With pictures omitted, restate the data word for word.

*Dataset extract:*
____________
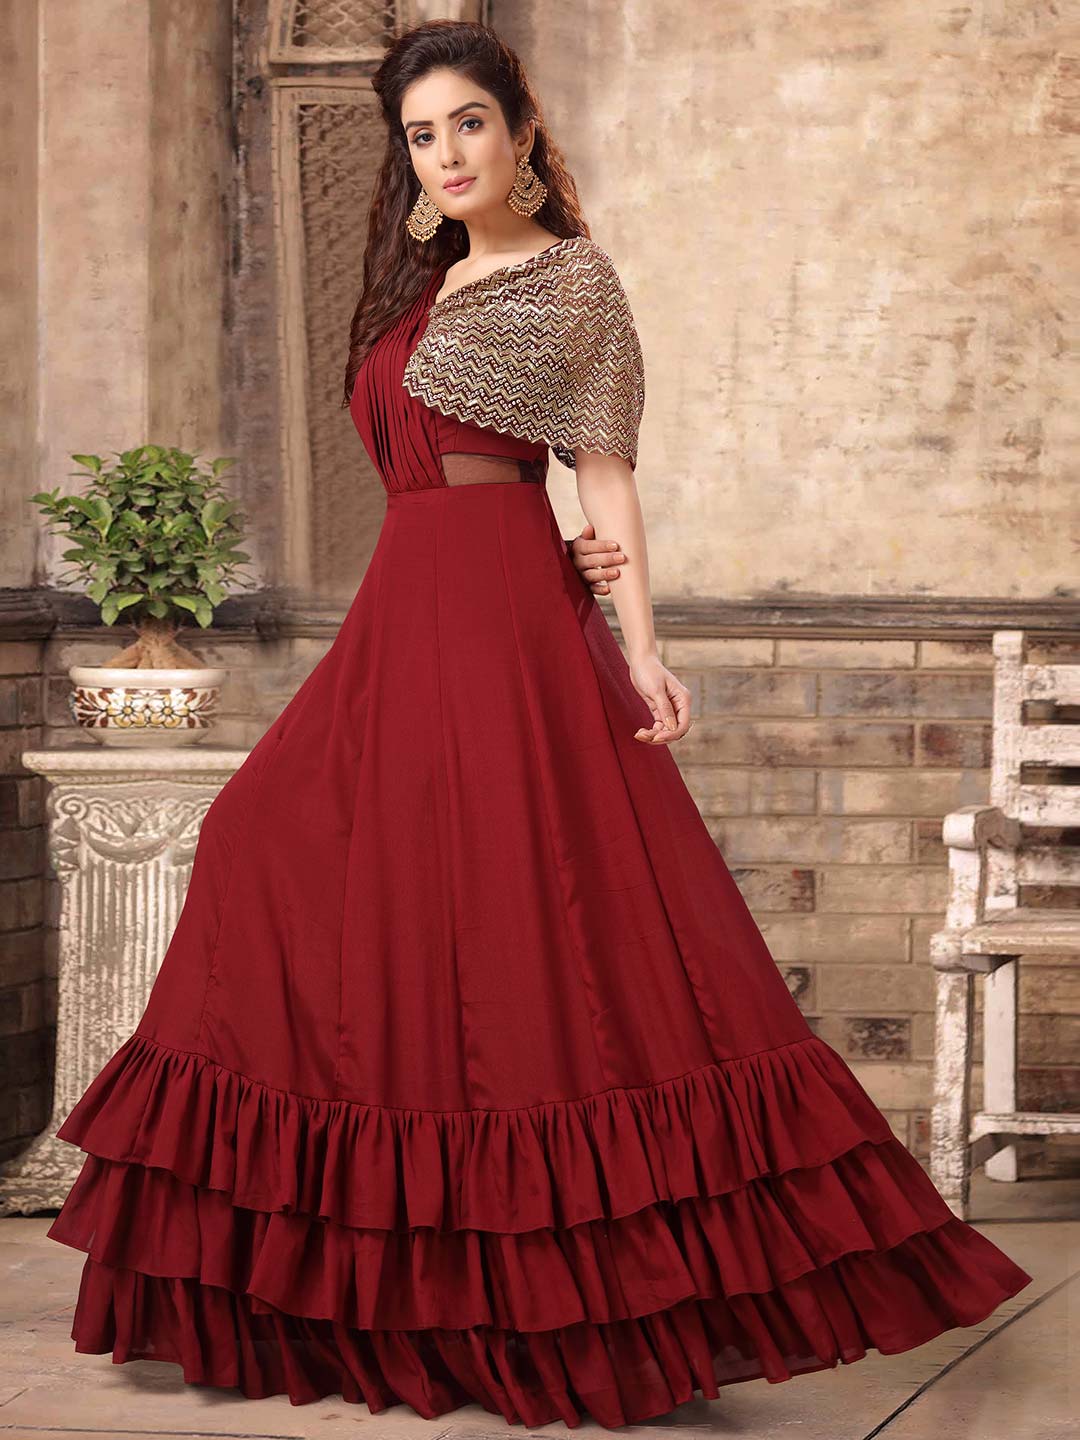 Women Gowns 2020 Buy Indo Western Gowns Wedding
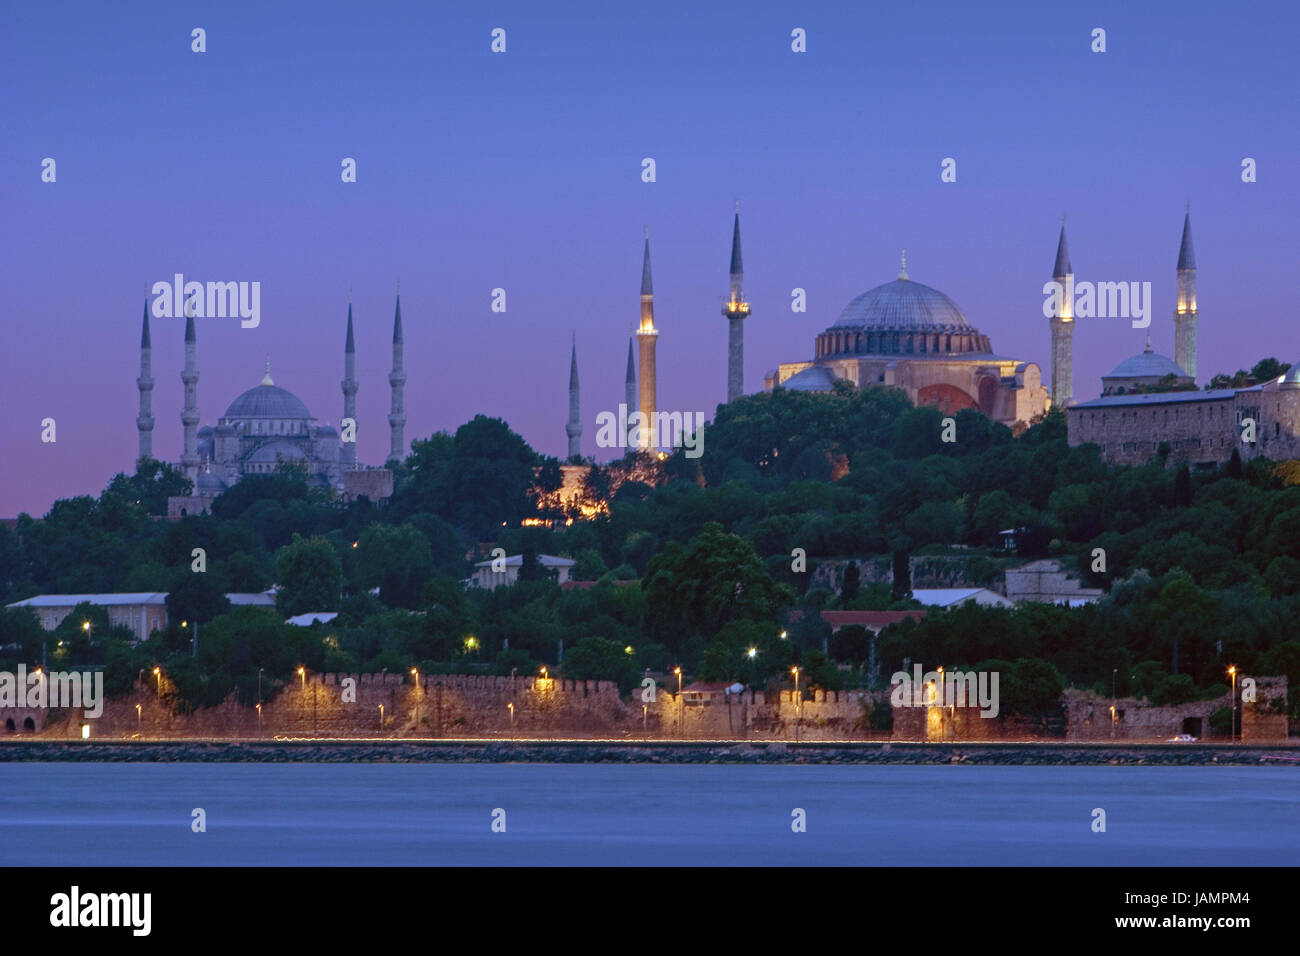 Turkey,Istanbul,town view,blue mosque,Hagia Sophia,lighting,evening,city,metropolis,port,culture,tourism,place of interest,structures,architecture,landmark,faith,religion,Islam,church,sacred construction,museum,dome,minarets,sea,lights,evening tuning, Stock Photo
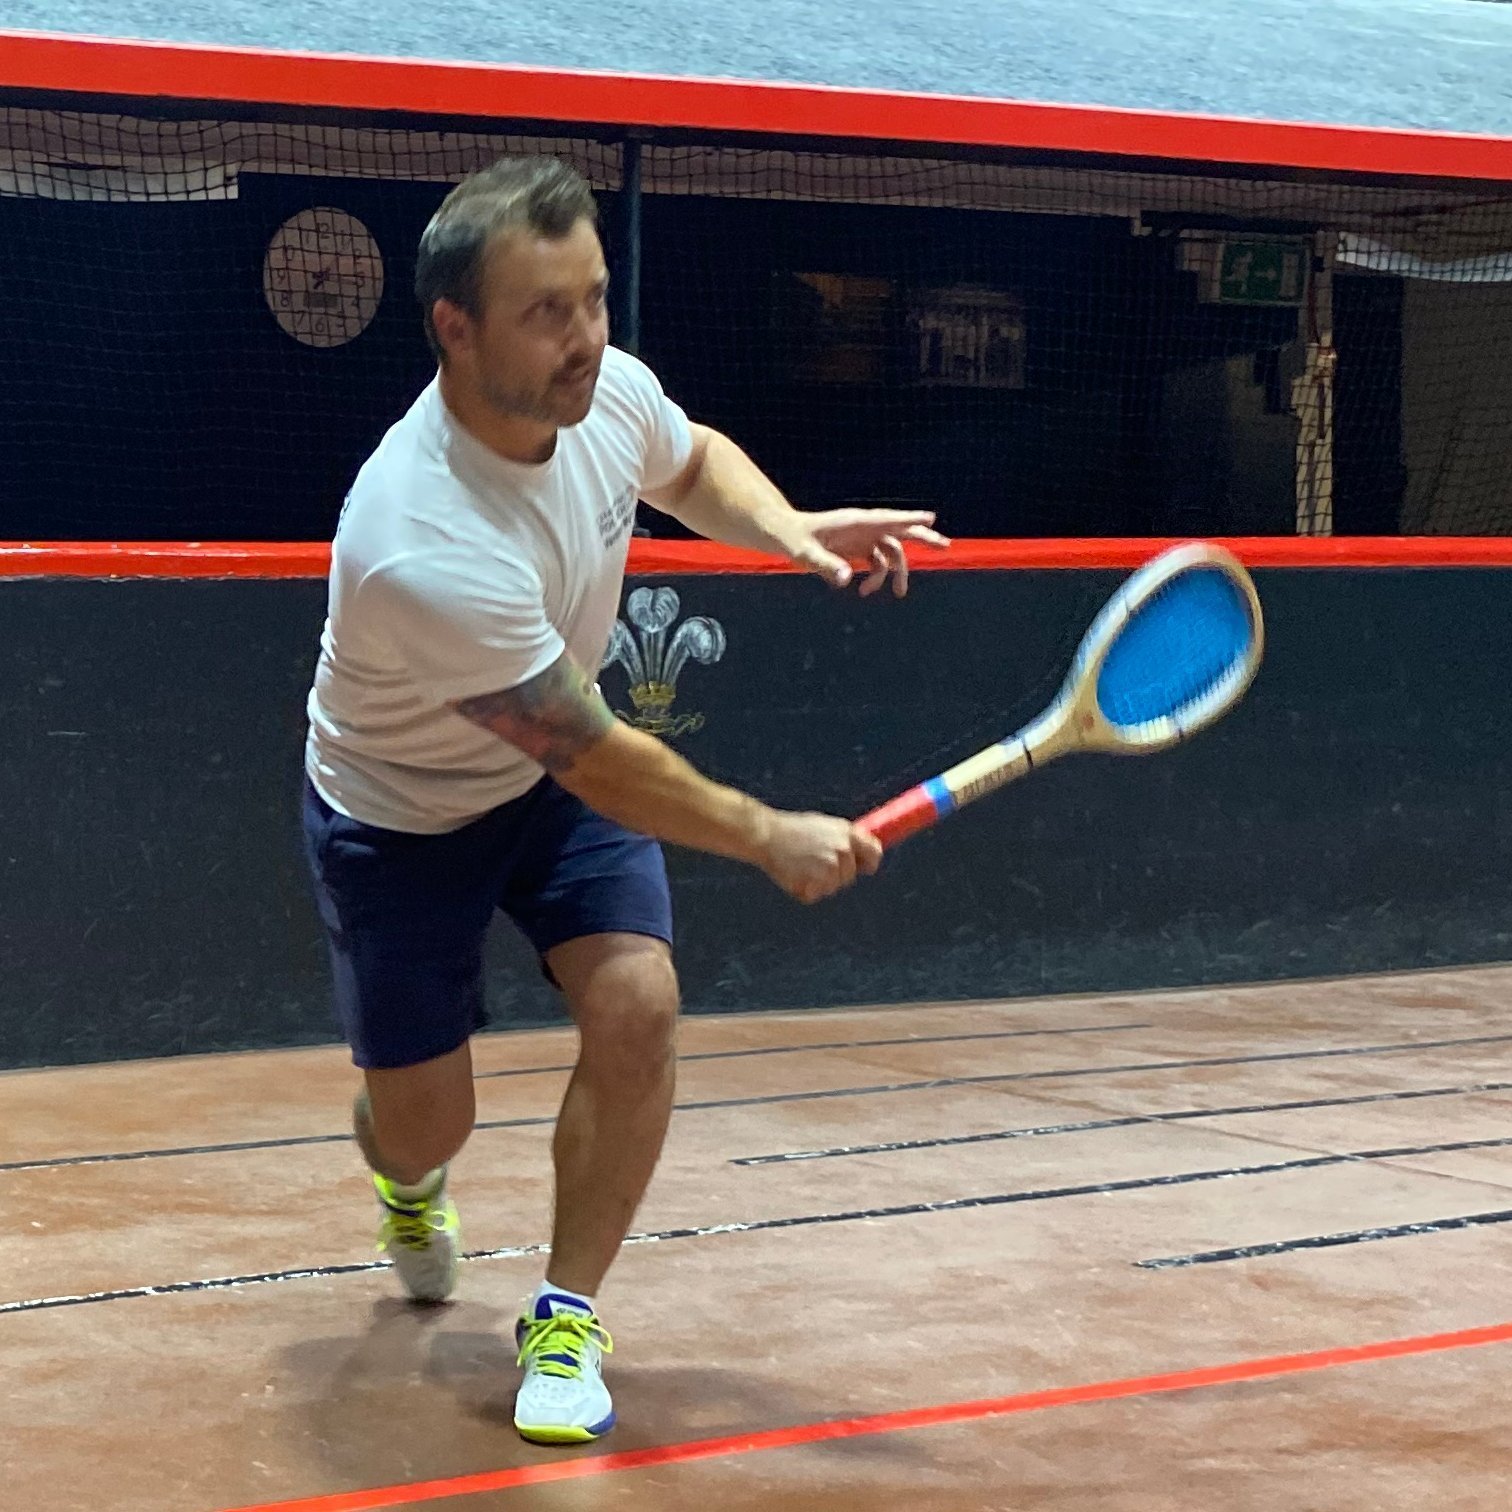 Professional real tennis player
____________
*Worked solution:*
 Women Gowns 2020 Buy Indo Western Gowns Wedding
 Turkey,Istanbul,town view,blue mosque,Hagia Sophia,lighting,evening,city,metropolis,port,culture,tourism,place of interest,structures,architecture,landmark,faith,religion,Islam,church,sacred construction,museum,dome,minarets,sea,lights,evening tuning, Stock Photo
 Professional real tennis player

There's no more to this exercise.